Un peu d’histoire……La halle de verre futuriste rappelle peu les hangars et la piste sommaire qui voient atterrir le Mystère 20, ce 10 mai 1969. Il est 10 h 30. Le comité d’accueil est restreint. « S’il y a foule, il est capable de redécoller « , avait prévenu l’ambassade. « Welcome home ! » risque la délégation – car notre homme a un point commun avec le célèbre brasseur Guinness : il a des ancêtres chez les McCartan, un clan du sud de Belfast.Ce visiteur flanqué de son épouse, c’est de Gaulle. Il n’est pas en mission officielle, et pour cause : à la suite d’un référendum défavorable, il vient de démissionner. C’est sur la terre des ancêtres qu’il compte lécher ses plaies.

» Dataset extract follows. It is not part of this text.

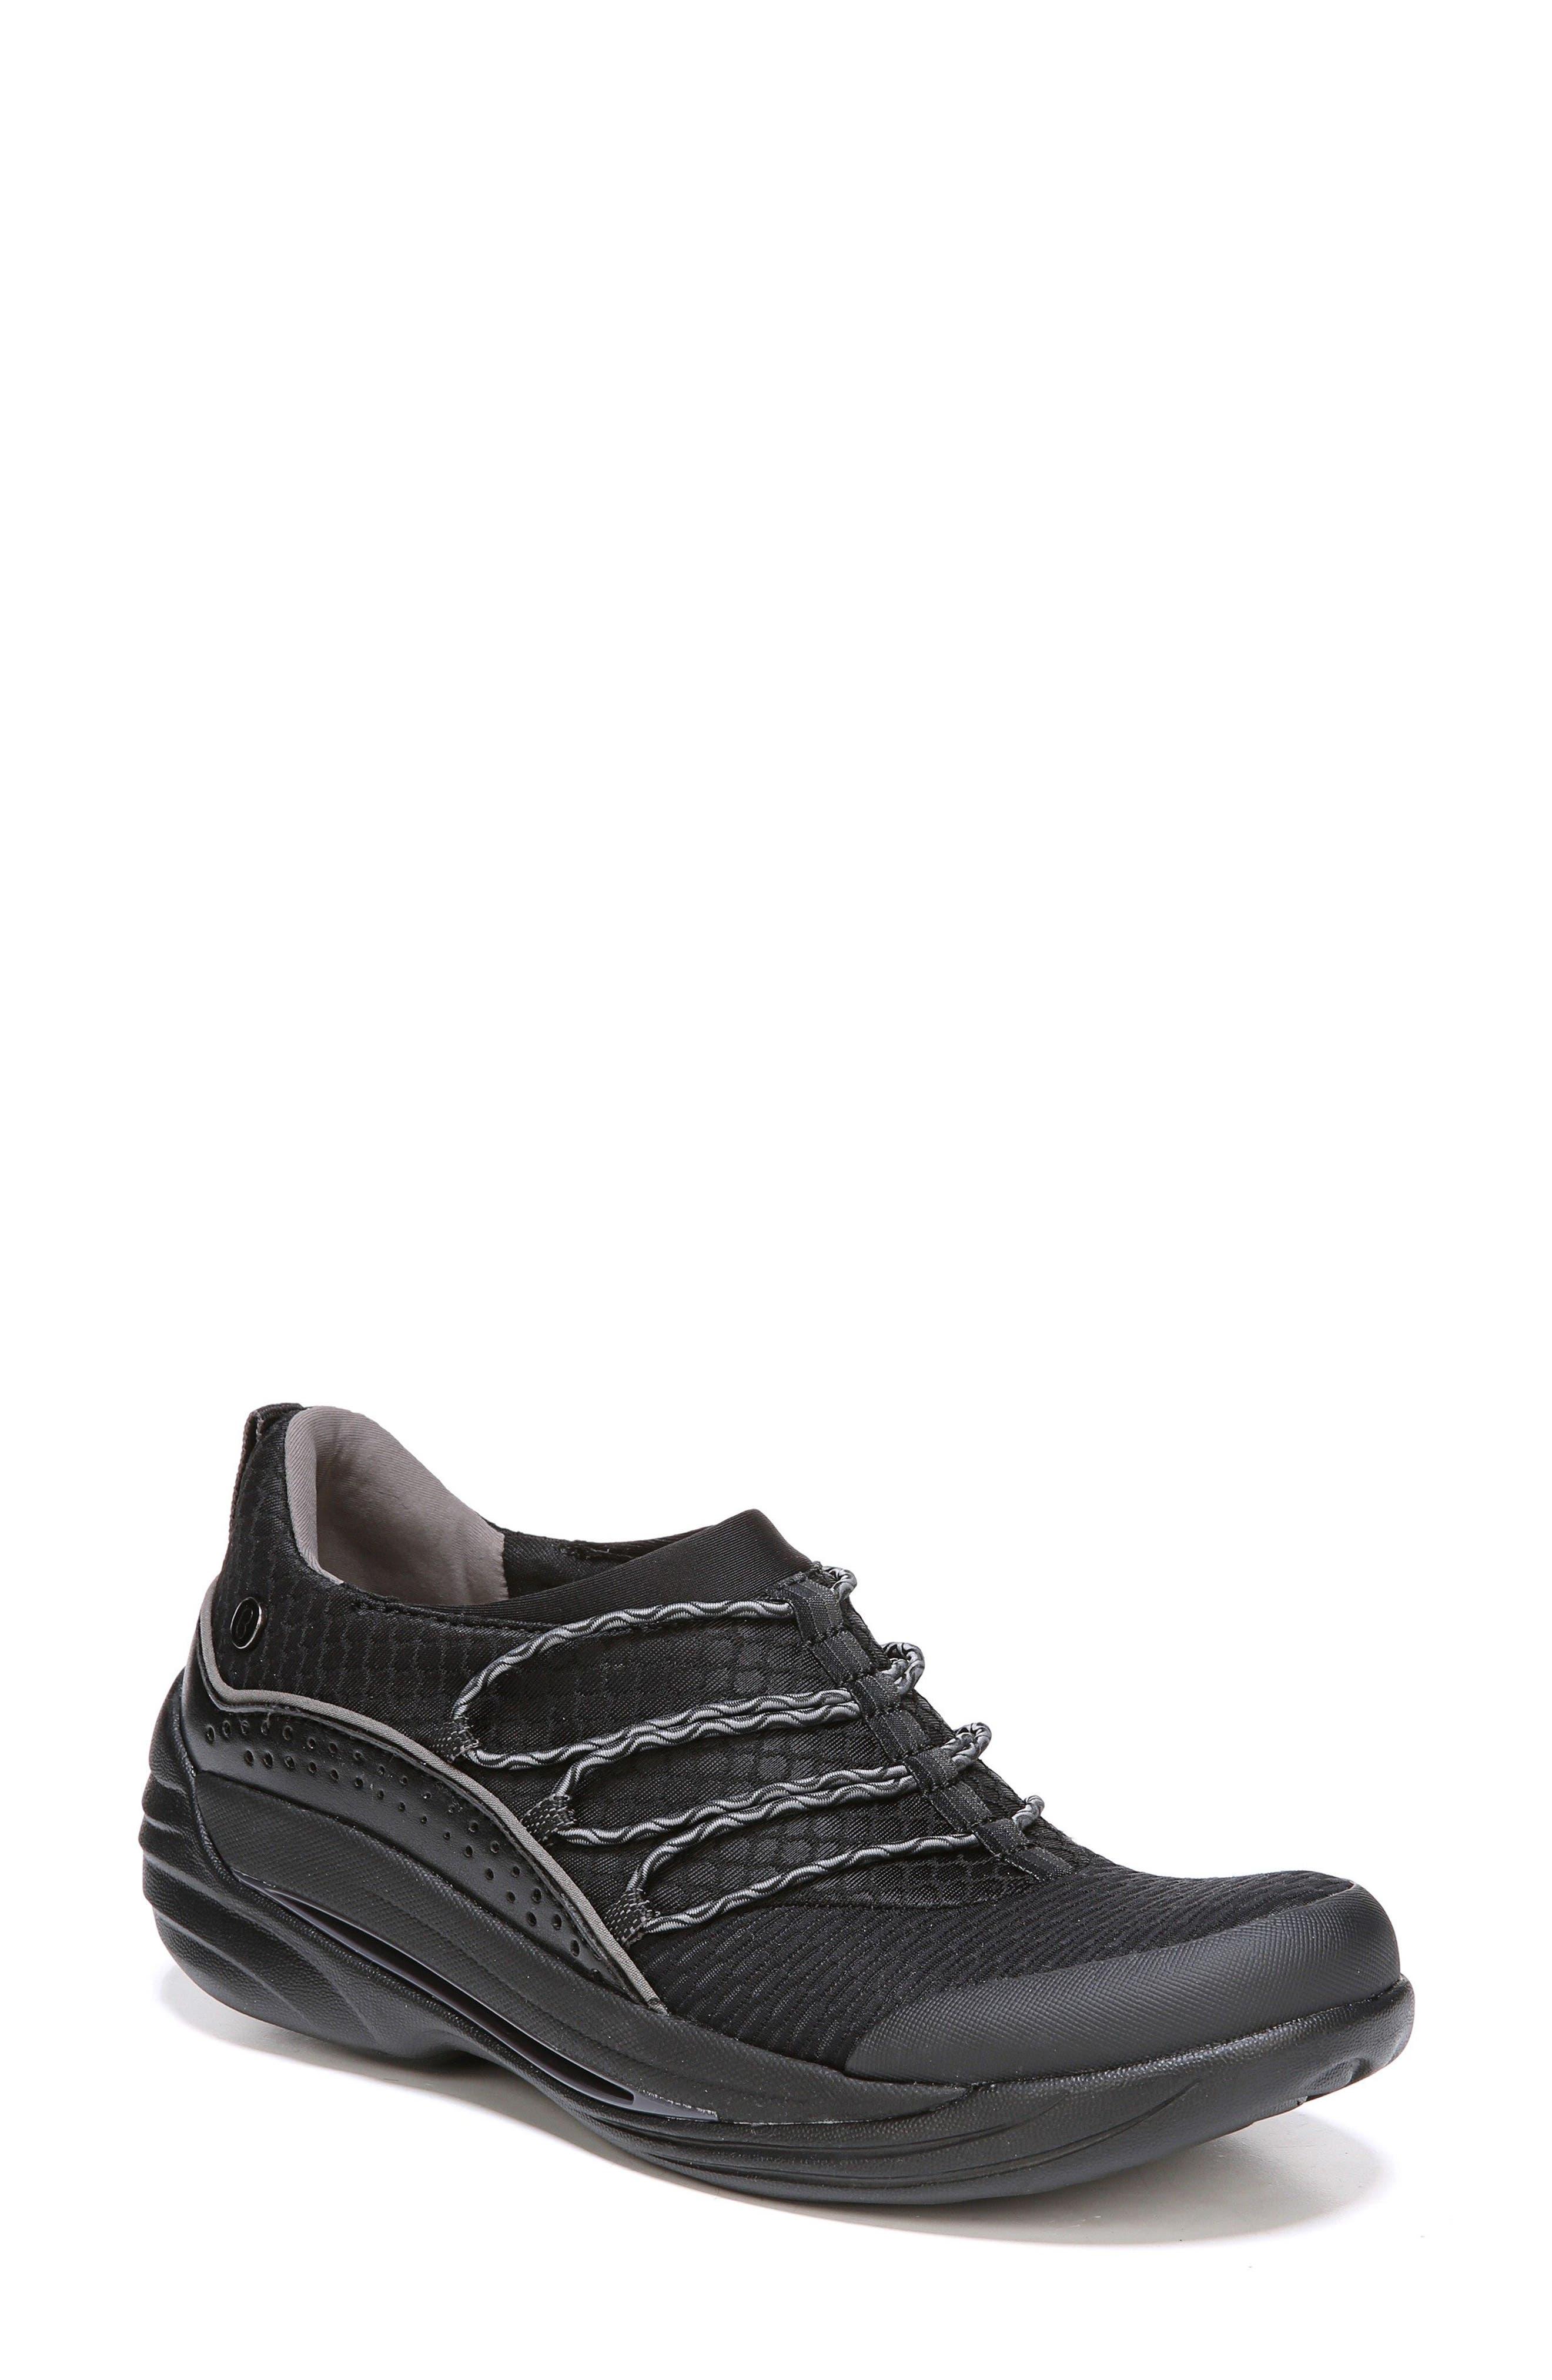 Pisces Slip-On Sneaker,                         Main,                         color, Black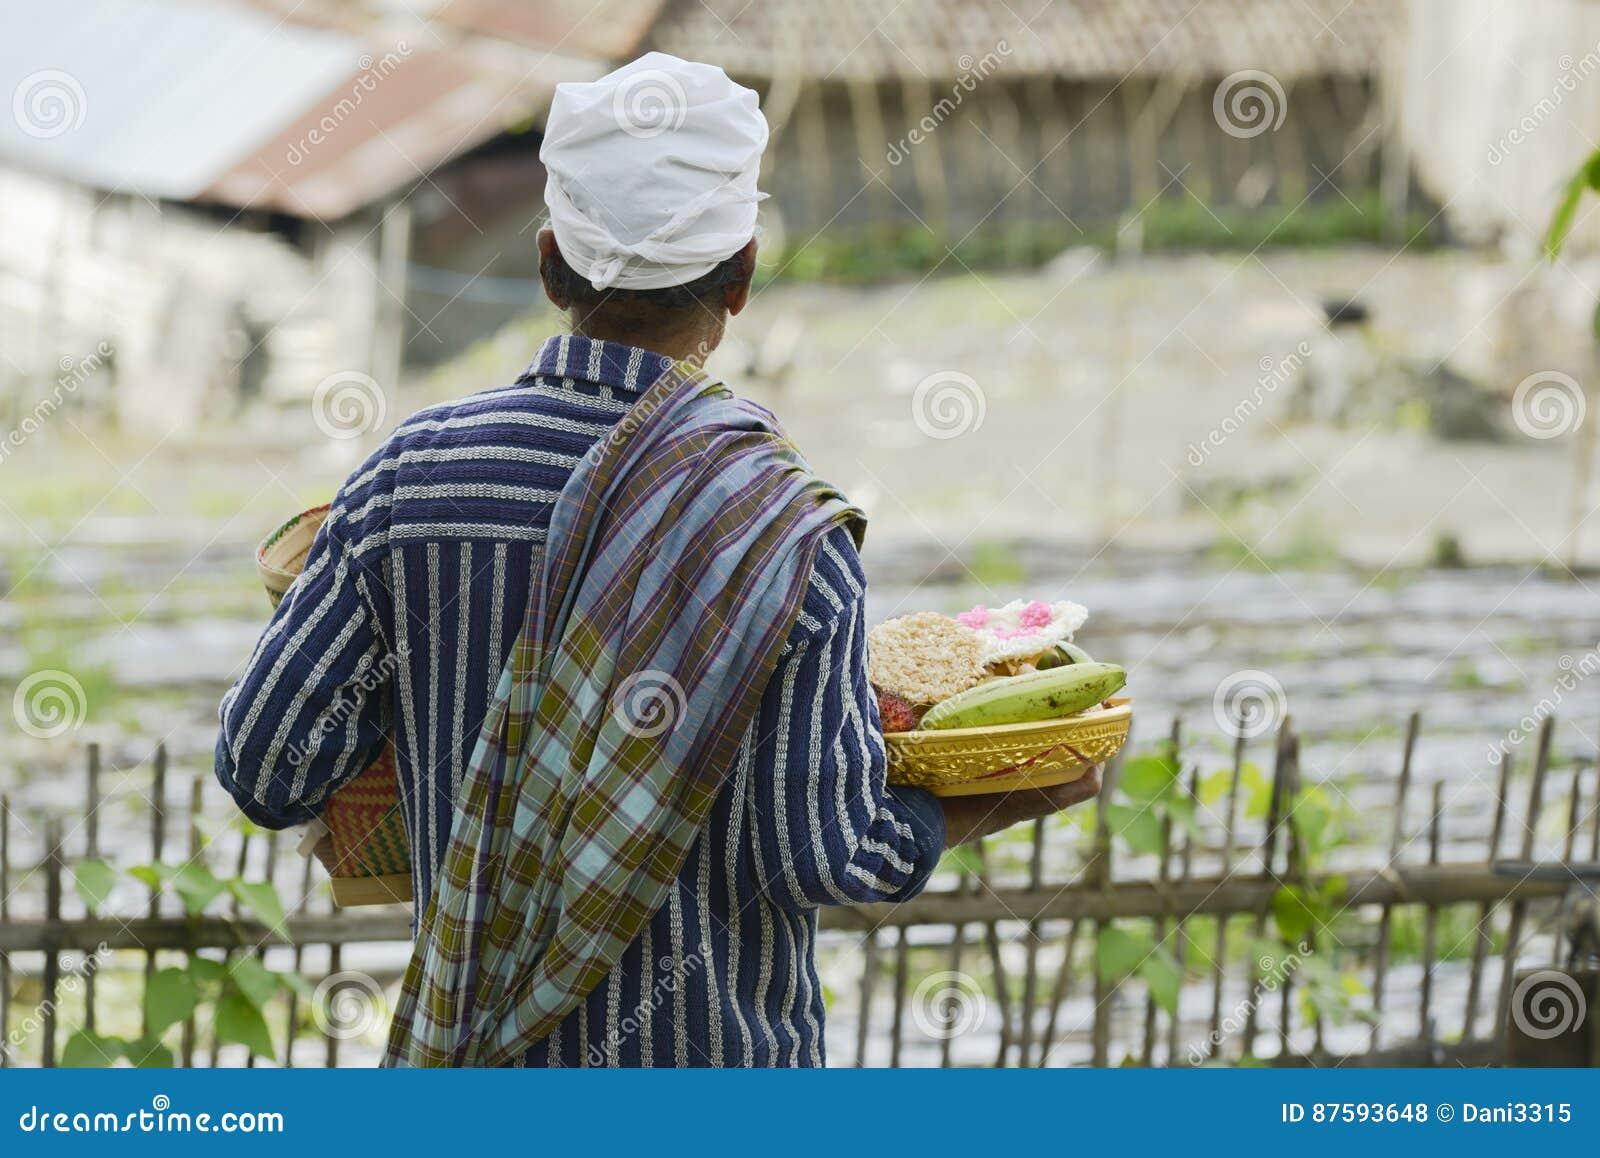 Balijczyka mężczyzna przynosi tradycyjną ofiarę Hinduska świątynia

Entre deux messes, Charles et Yvonne font leurs 4 à 6 km de promenade quotidienne, détaillant ce décor de genêts et de murets croulants, de ponts de pierre griffés par les ronces. Si, comme eux, on prise la botanique, on est à son affaire sur cette côte qui, à toutes les nuances du vert, ajoute les pointes vives des rhododendrons, des arbouses, ou l’éclat rarissime d’un lis blanc du Kerry. Magnolias, palmiers, fuchsias : les chaleurs du Gulf Stream éveillent les luxuriances exotiques.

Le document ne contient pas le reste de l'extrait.